Puisqu’il avait été noté par Sellier et coll. (2009) que la dimension des éprouvettes et des particules de granulats contenues dans les carottes utilisées pour les essais d’expansion résiduelle était trop grande pour permettre la diffusion des ions alcalis jusqu’au cœur des particules du gros granulat sur une durée d’un an, Gao (2010) a plutôt proposé de réduire la taille des particules du gros granulat pour les inclure dans un mortier et ainsi accélérer la vitesse de diffusion/réaction. Il devient donc techniquement possible de consommer toute la silice réactive par l’atteinte d’une asymptote d’expansion dans un délai de temps raisonnable.

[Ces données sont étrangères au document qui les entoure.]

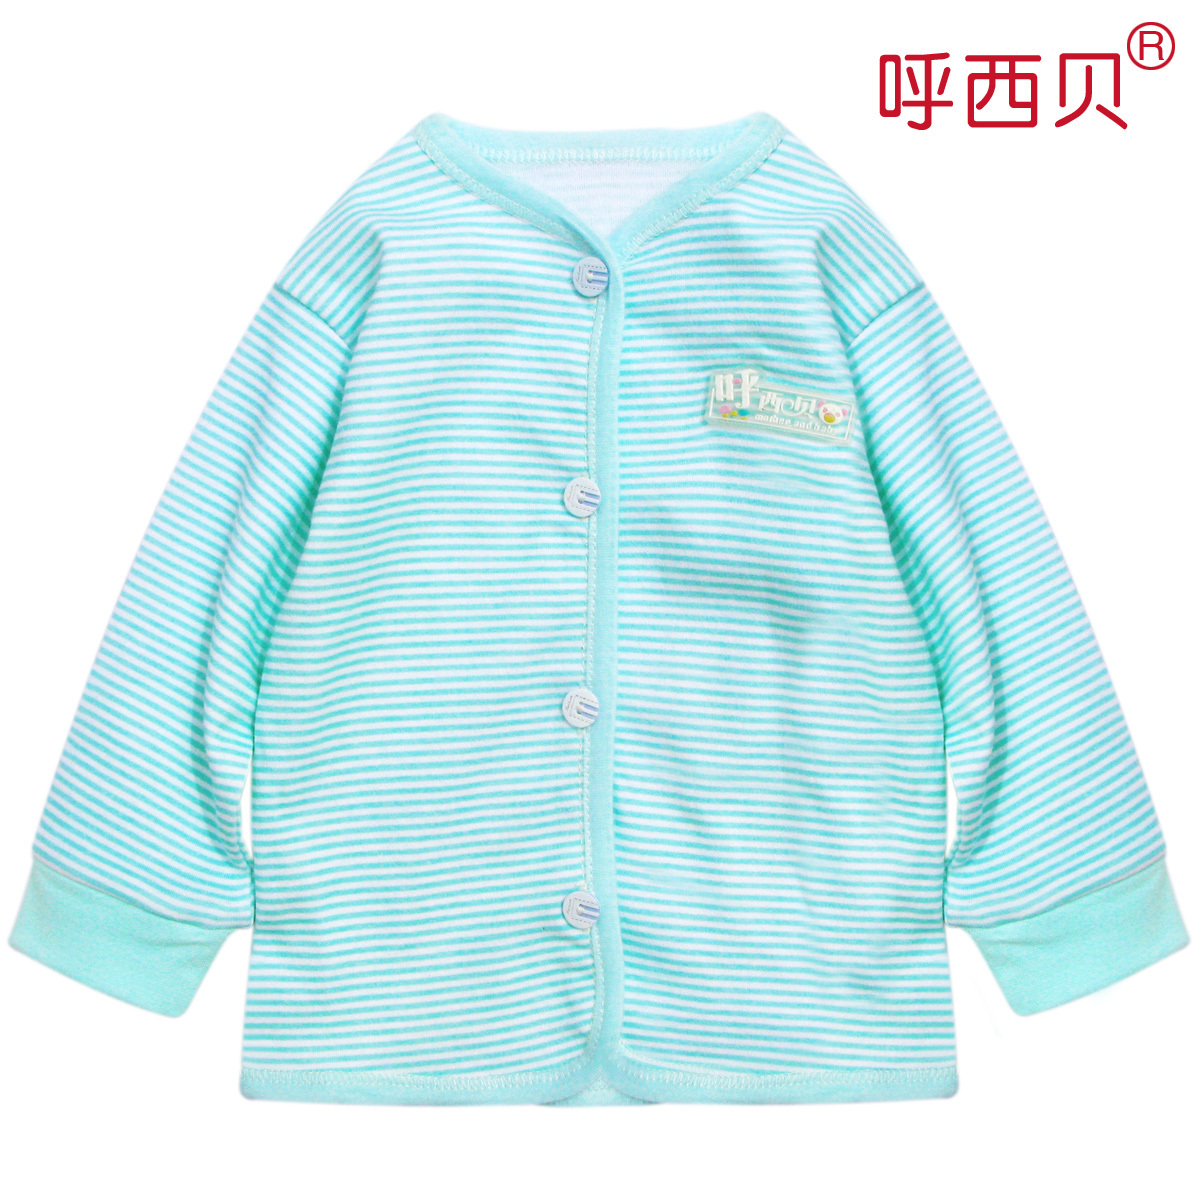 Child underwear lounge top 100% cotton baby sleepwear stripe long johns 005

Afin de s’assurer que la silice réactive soit entièrement consommée, Gao (2010) propose d’immerger les éprouvettes de mortier dans une solution de NaOH 1N pour veiller à ce que les alcalis soient en excès (Gao et coll., 2012; Gao et coll., 2013a). De plus, après une période d’environ 250 jours, Gao (2010) a procédé à un changement de la solution de trempage pour valider que la silice réactive était bel et bien épuisée et que les alcalis ne limitaient pas la consommation de la silice réactive. À la suite de ce changement de solution, aucune expansion significative n’a été générée, suggérant que la concentration de la solution de trempage de NaOH 1N est suffisante pour épuiser la silice réactive des granulats à l’étude. De plus, trois différentes concentrations d’une solution de trempage de NaOH ont été testées par Gao et coll. (2013a), soit 0,77N, 1N et 1,25N. Il s’avère que la concentration de la solution a un effet négligeable sur l’expansion générée tant que les alcalis sont disponibles en abondance.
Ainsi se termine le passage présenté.